Aim of the exercise → Take nothing but the lines from the one with "smooth legs on a beach - no ingrown hair" through the one with "Amedon кресло-коляска МР-20221170" in the entries below, both ends kept, and return them exactly with pictures left out.

Provided material →
:::
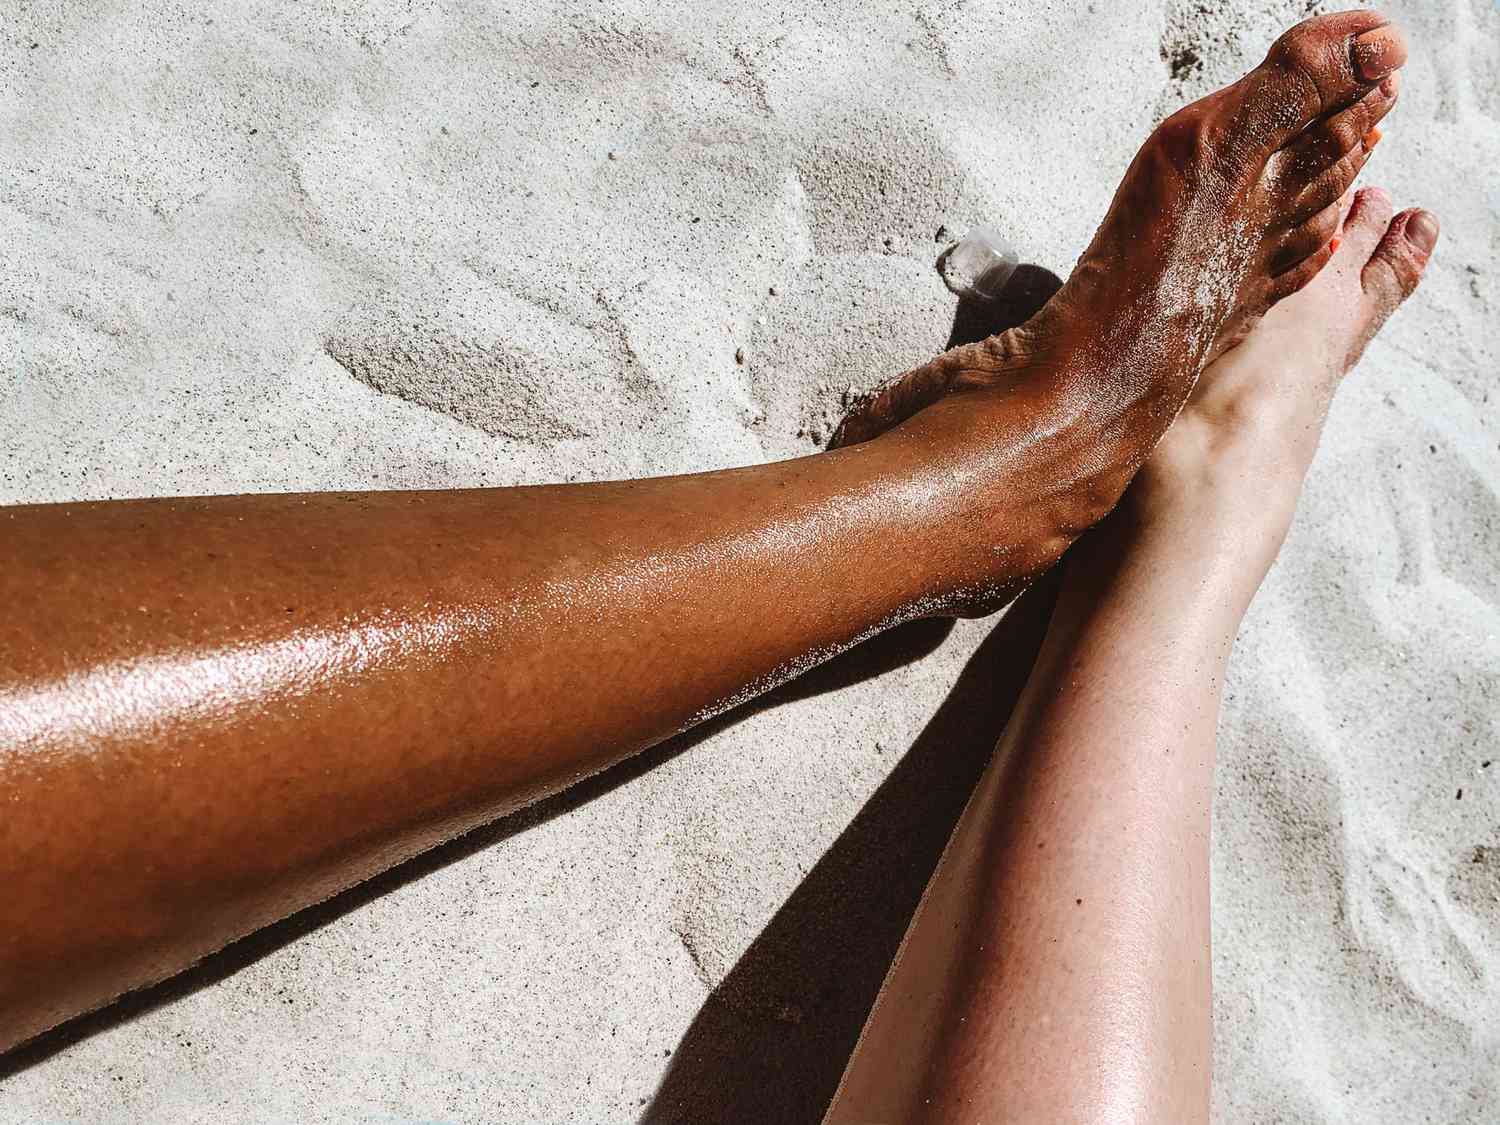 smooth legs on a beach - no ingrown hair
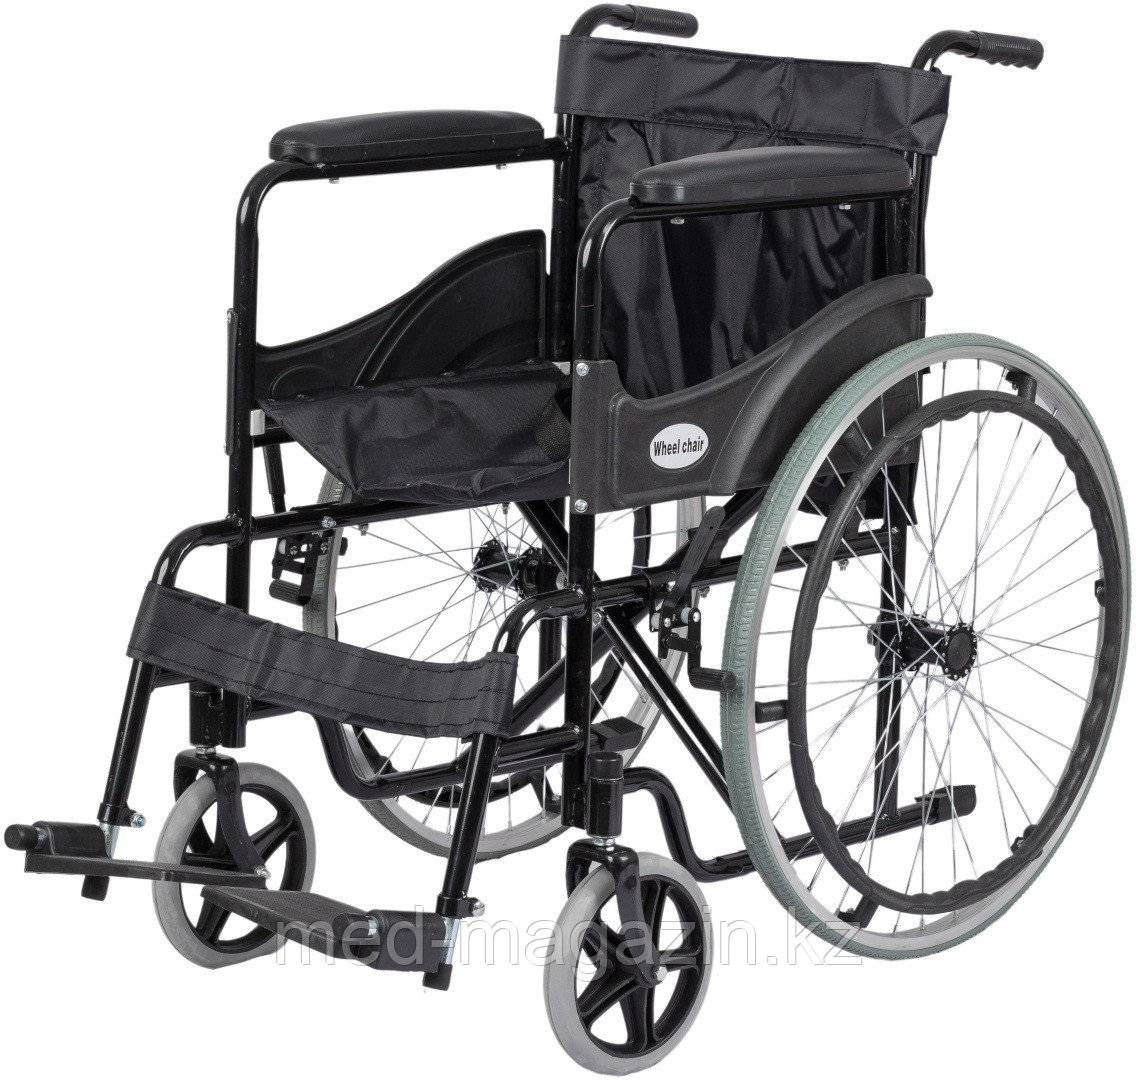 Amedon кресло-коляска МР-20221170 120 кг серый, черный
:::
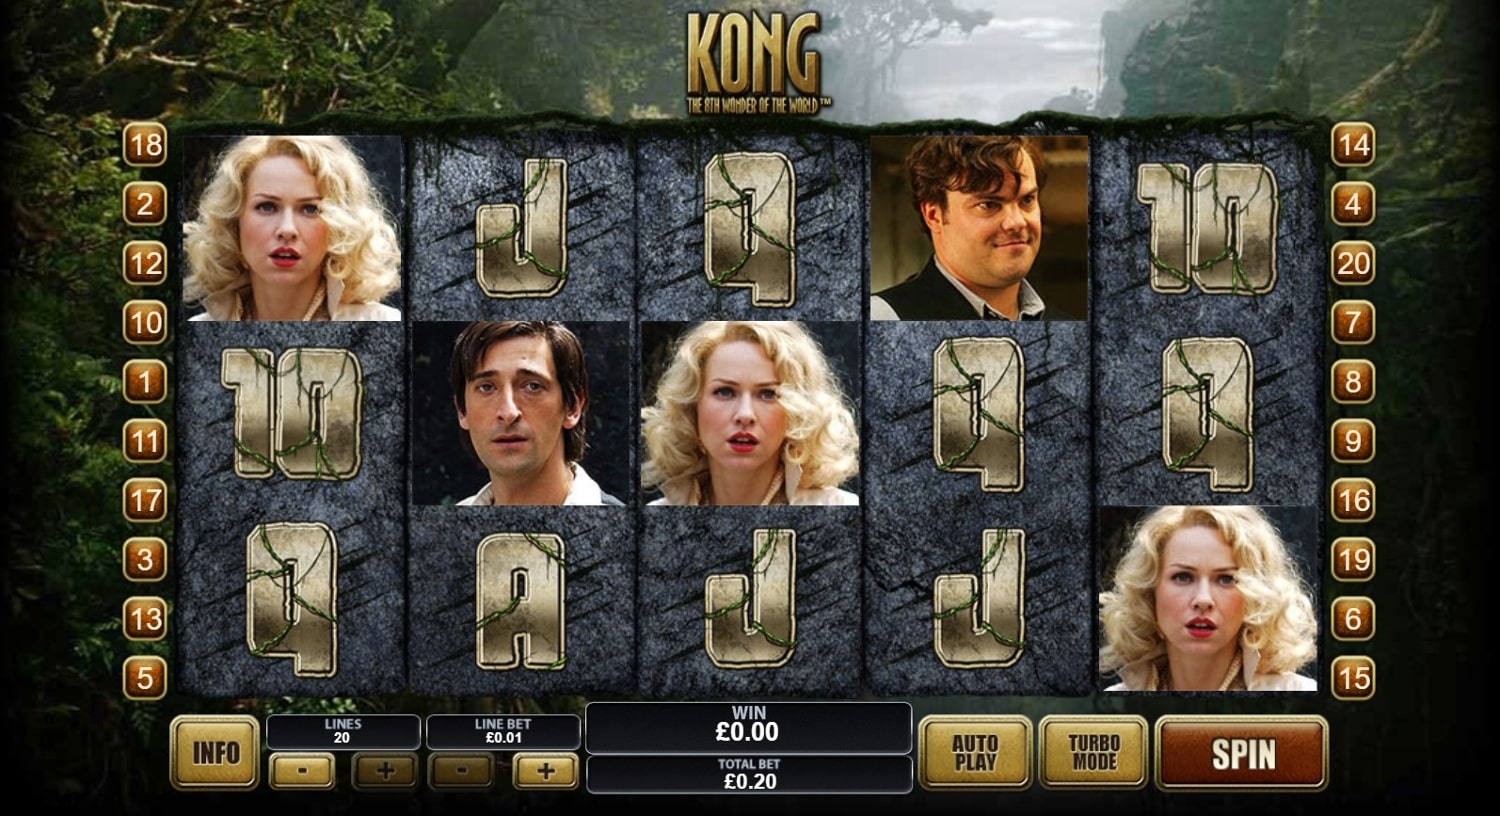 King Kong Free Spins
:::
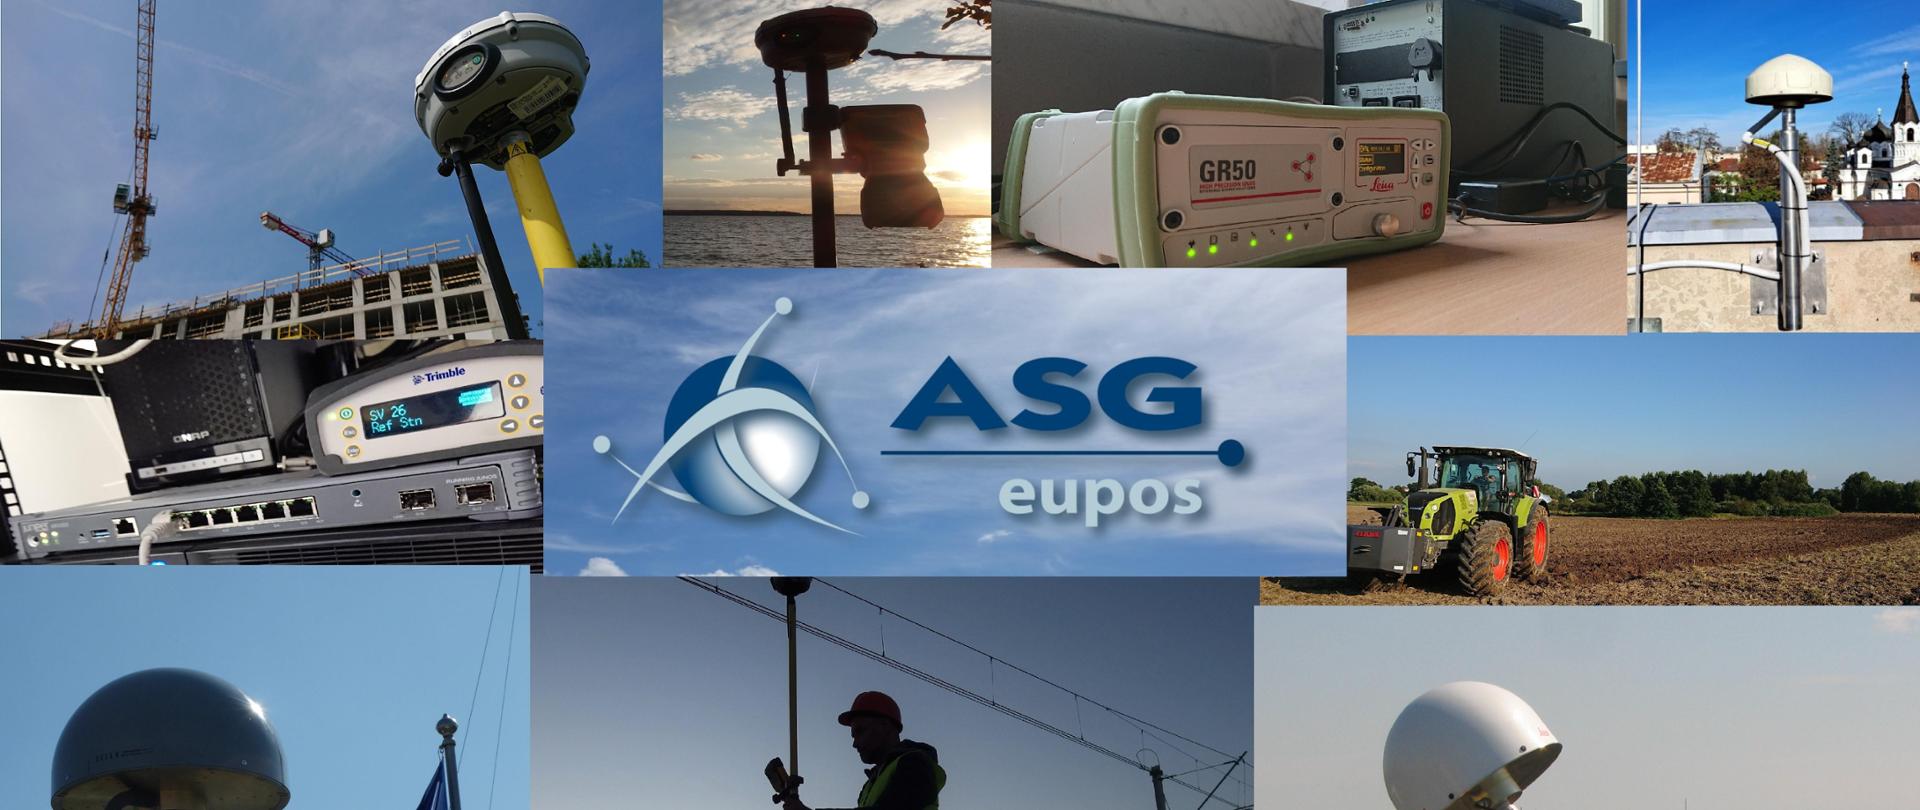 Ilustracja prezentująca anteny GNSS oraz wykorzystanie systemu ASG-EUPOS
:::
Reply to the task →
 smooth legs on a beach - no ingrown hair
 Amedon кресло-коляска МР-20221170 120 кг серый, черный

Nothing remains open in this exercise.